There are a number of ways to grow strawberries. You can grow them in your garden as normal crops. You can even grow them in flower beds. They are quite attractive plants and will not look out of place, the flowers are white and quite pretty. There is a small problem that slugs and snails love strawberries and you really want to protect the fruit from mud. The conventional way of doing this is to put a mat (or straw) around the plant.

Another way of growing strawberries is in a specially designed sytrawberry planter. This in effect is a large pot with holes in the sides for the plants. Planters are, in fact rather nicer looking than that and are designed to look good even when not covered with plants. The problem always used to be to get water down to the plants at the bottom of the planter whilst not drowning the top plants. However many modern plants now have watering systems built in to cure this problem. If yours does not, then put a piece of drain pipe down the centtre of the planter with small hols in it at intervals and water the planter through that.

You can also plant  strawberries in hanging baskets or pouches. In some ways this makes a lot of sense, The strawberries are then up at the level where you can easily see (and pick) them. No more back-ache!.

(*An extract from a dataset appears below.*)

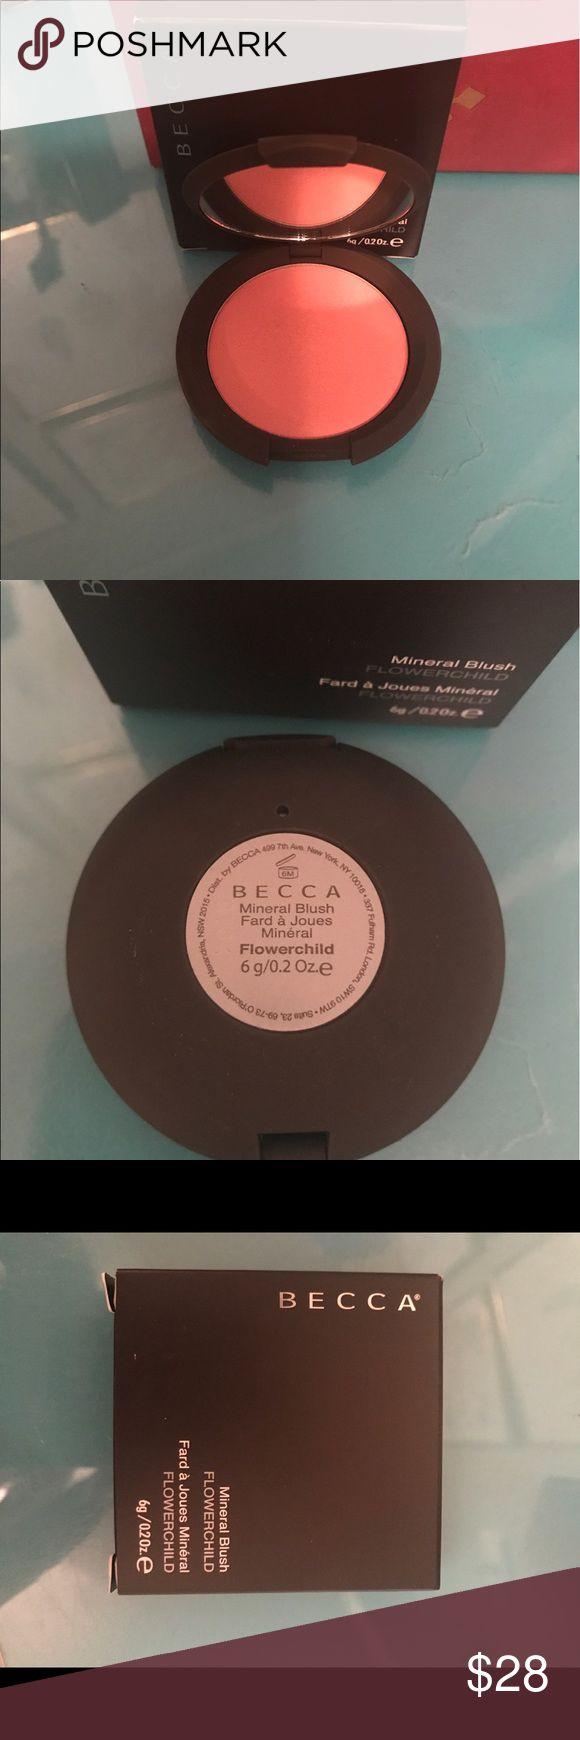 Becca flowerchild mineral blush Becca flowerchild mineral blush. Only used once to swatch. BECCA Makeup Blush

My strawberry plants were already in the garden when I moved into the house and although they readily produce runners (a bit too readily really – they’re a bit like weeds, grow everywhere) they do not produce a great deal of fruit. Those they do produce is really tasty but not enough of it. So I think it is time to replace them.

I have found a great offer from Van Meuren which offers 24 strawberry plants in two different varieties fruiting at different times plus a Patio planter plus a growing pouch and 100g of fertiliser. This is apparantly worth about £55 and they are offering it for £15. So I have ordered a pack and will await the results with interest. I will not dispose of my old plants until the new ones are well grown, just in case there are any problems but I have bought from this company before and do not see any problems arising.

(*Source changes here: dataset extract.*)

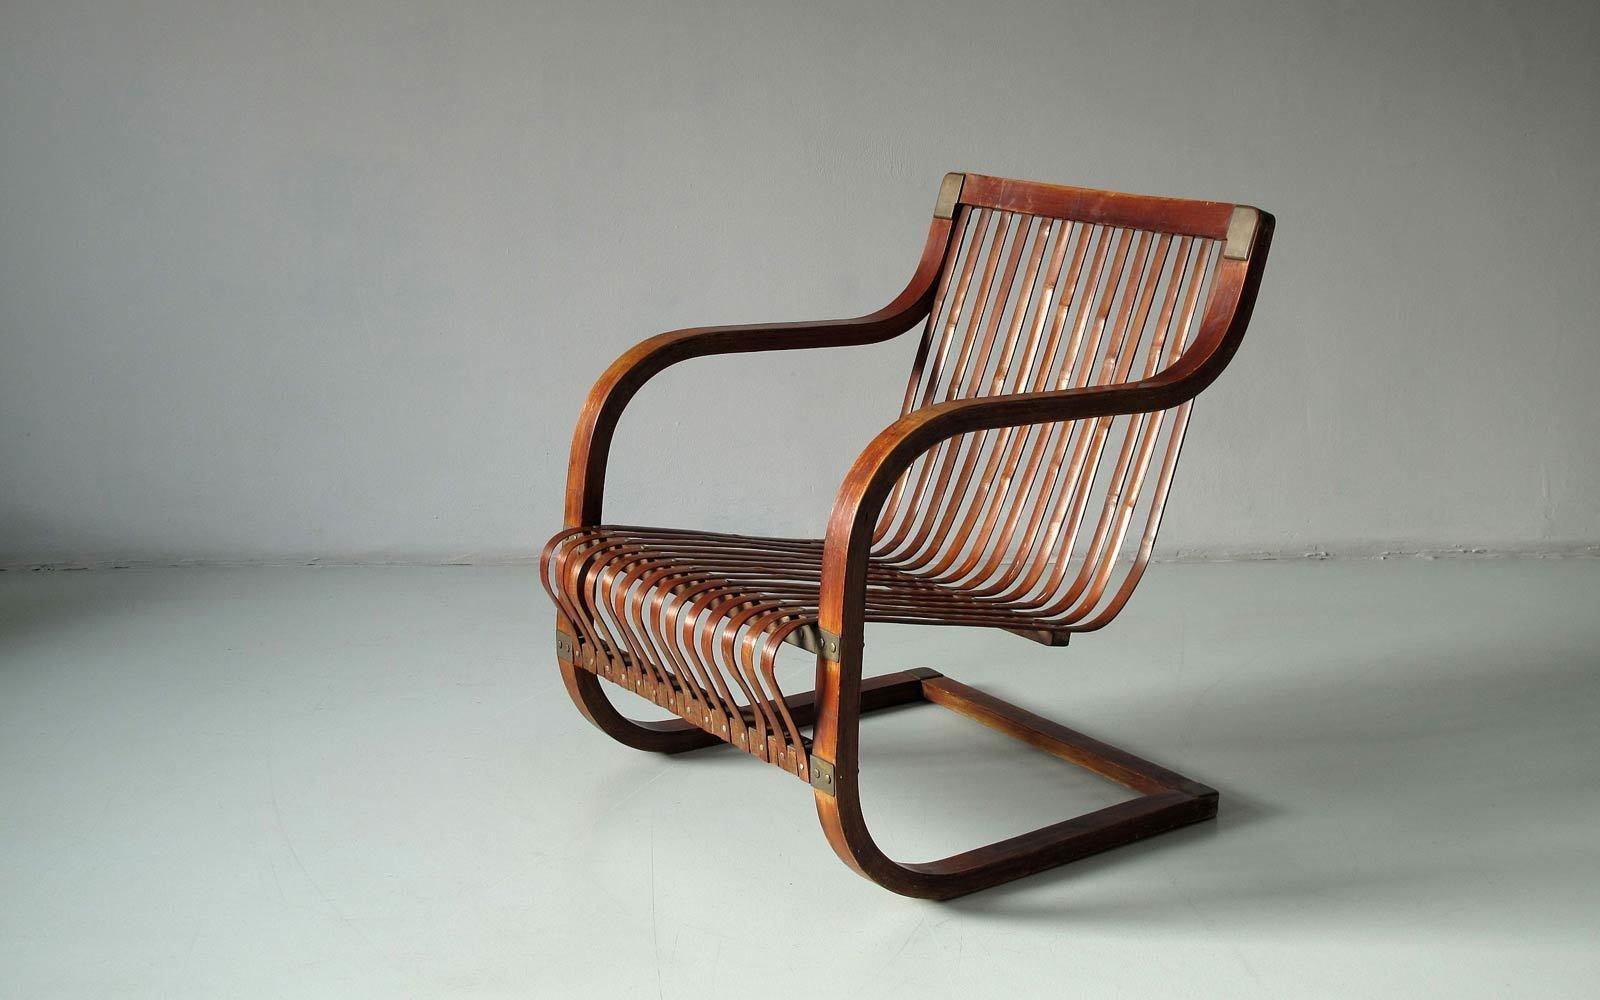 Cantilever chair for Takashimaya Department Store, Tokyo 1940s. Bamboo, oak, bronze.

If you have never grown strawberries before I would not hesitate to suggest you give it a try. You can grow just one plant and see how you get on. The resultant fruit really is so much better than any you can buy, it is worth the small amount of work involved.

Growing Cucumbers

I grow my cucumbers in the greenhouse  in much the same way as I grow tomatoes.

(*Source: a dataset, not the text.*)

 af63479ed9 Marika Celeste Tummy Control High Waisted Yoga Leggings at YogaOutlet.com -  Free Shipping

First, I sow them 2 seeds in a 3″ pot. Then I pot these up singley into 5″ pots. Many gardeners will tell you to dispose of the weakest plant but, with the price of seeds as high as it is, that seems wasteful to me and I have never had any trouble pricking the plants out.

After the plants have grown to a reasonable size and the roots are showing at the bottom of the pot, I then pot them on into their final large pots. I stake these plants and tie the stakes to the roof of the greenhouse. I use my own garden compost to grow the plants in. However, growbags will do equally well. The plants are going to be in these pots for a few months and are going to be supporting a number of cucumbers, so the compost needs to be rich.
You could, if you wish grow cucumbers directly in growbags and use the very nice new supports with them. However, I feel that a deeper root run works better and bamboo canes work well for supports.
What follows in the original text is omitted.